Is the Debt Ceiling Law the Most Unconstitutional Statute?

by Michael C. Dorf

Prof. Buchanan and I have long argued that presidential borrowing in violation of the debt ceiling should Congress fail to raise it would be the "least unconstitutional option" (LUO). We illustrate with some homey examples in our new op-ed in the Los Angeles Times. The LA Times essay also indirectly responds to Prof. Michael McConnell's high-profile non sequitur in the NY Times, in which he argued that the president has no independent authority to borrow money on the credit of the United States because that power belongs to Congress. Well, duh. The question, though, is what happens when the president's only options all involve usurpation of a power of Congress. (There are other problems with Prof. McConnell's view as well, as I explained in a Twitter thread over the weekend.) Assuming that none of the proposed workarounds we discussed in our Verdict column on Monday actually works, and that therefore a genuine trilemma arises, our LA Times piece shows why the answer is that issuing debt minimizes the violation.

But wait. There's more. Prof. Buchanan and I also have yet another Verdict column out today. In it, we offer President Biden a tool to use in the ongoing negotiations discussions with Kevin McCarthy and House Republicans. He could channel his alter ego, Dark Brandon, to say that if the debt ceiling isn't raised he'll do what the Republicans seem to want him to do then: "prioritize" certain spending over other spending BUT in a way that rewards Dark Brandon's political friends and punishes his enemies. The very prospect, we say, dramatically illustrates what's wrong with prioritization.

Two new Buchanan/Dorf debt ceiling essays not enough for you, today? Good news! I've got more to say in this very essay, in which I consider yet another way to get around the debt ceiling should the negotiations discussions fail to produce a deal.

Now that Prof Laurence Tribe has pretty much endorsed the Buchanan/Dorf view that presidential borrowing in violation of the debt ceiling would be the LUO, I have begun to wonder whether our view might be too generous to the Republicans trying to use the debt ceiling as leverage. To understand how and why, it will help to consider the origin story of the LUO--in which Prof Tribe played a key catalytic role.

On July 7, 2011, Prof Buchanan wrote a Verdict column on that year's version of the debt-ceiling crisis in which he accepted the proposition that the debt ceiling statute is unconstitutional. That same day, Prof Tribe wrote an op-ed in the NY Times rejecting the constitutional claim and contending that any resolution must come from Congress. Prof Buchanan then wrote another Verdict column and several essays here on Dorf on Law respectfully critiquing Prof Tribe's analysis. Prof Tribe in turn replied in two guest essay on Dorf on Law (here and here). I then attempted to crystallize the state of play in yet another Verdict column.

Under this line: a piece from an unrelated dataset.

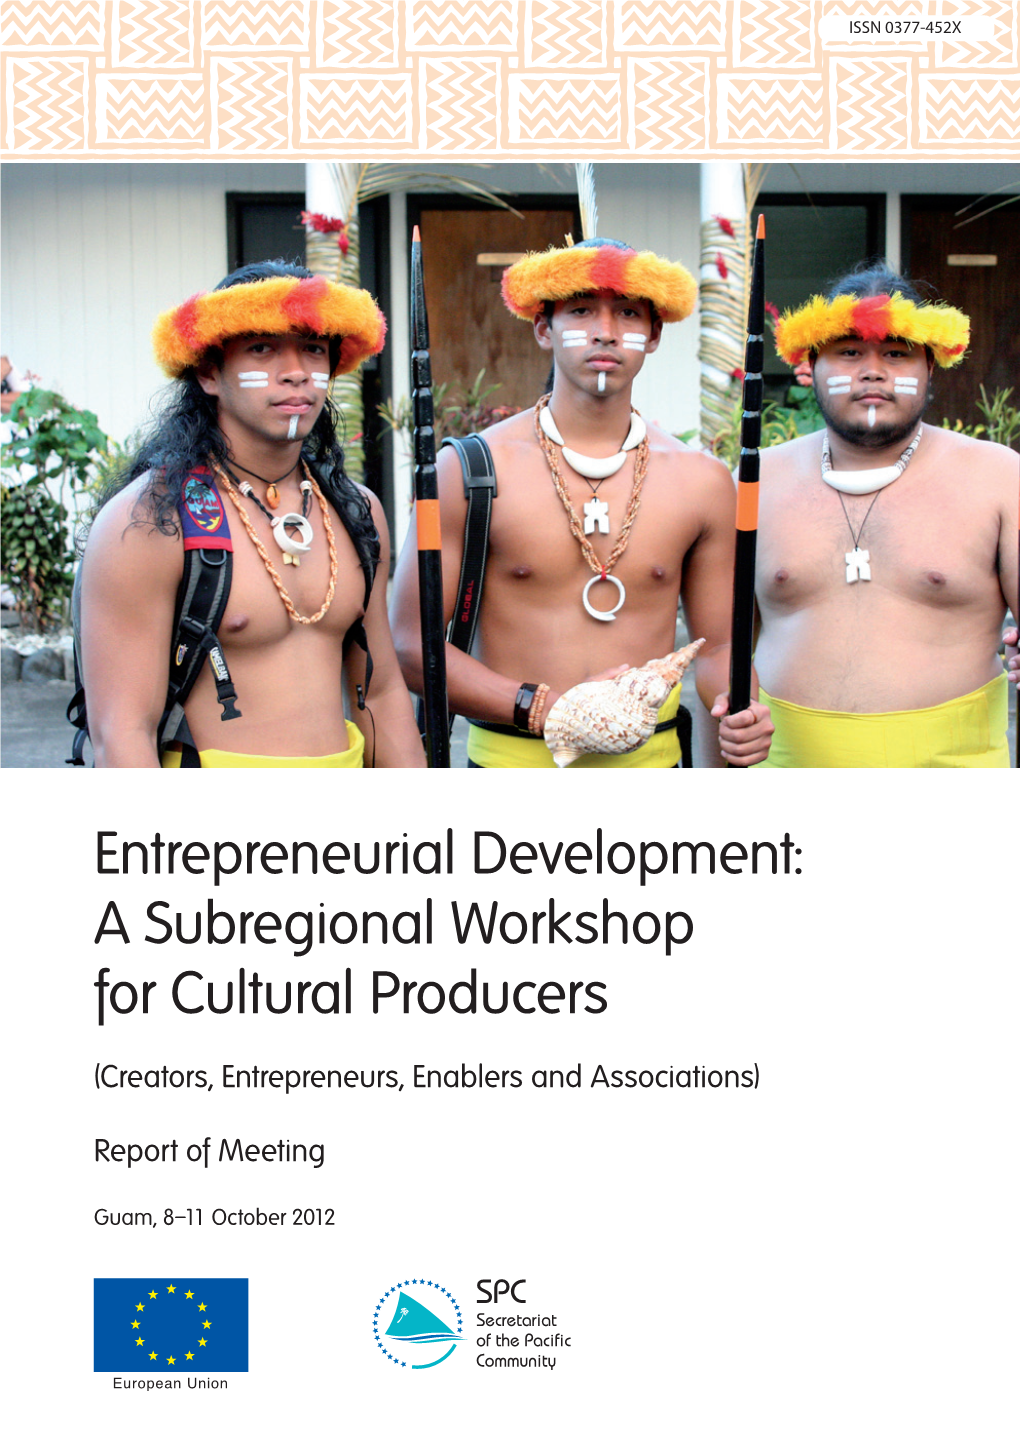 Entrepreneurial Development: a Subregional Workshop for Cultural Producers, Guam, 8-11 October 2012

I had gleaned from the exchange between Profs Buchanan and Tribe that it's a bit too facile to say that the debt ceiling statute itself violates the Fourteenth Amendment. Rather, it's the combination of the spending laws, taxing laws, and the borrowing cap that collectively give rise to a constitutional violation of separation of powers (and less importantly, also the 14th Amendment). Why single out the debt ceiling statute? Couldn't we just as easily say that by spending too much or taxing too little Congress creates a constitutional violation in light of the borrowing cap? Thus was born the question that foreshadowed the title Prof Buchanan would ultimately give to our major scholarly foray on this subject, which was published the following year. My August 1, 2011 column was titled The Debt Ceiling Crisis Reveals a Constitutional Gap: How to Choose Among Unconstitutional Options.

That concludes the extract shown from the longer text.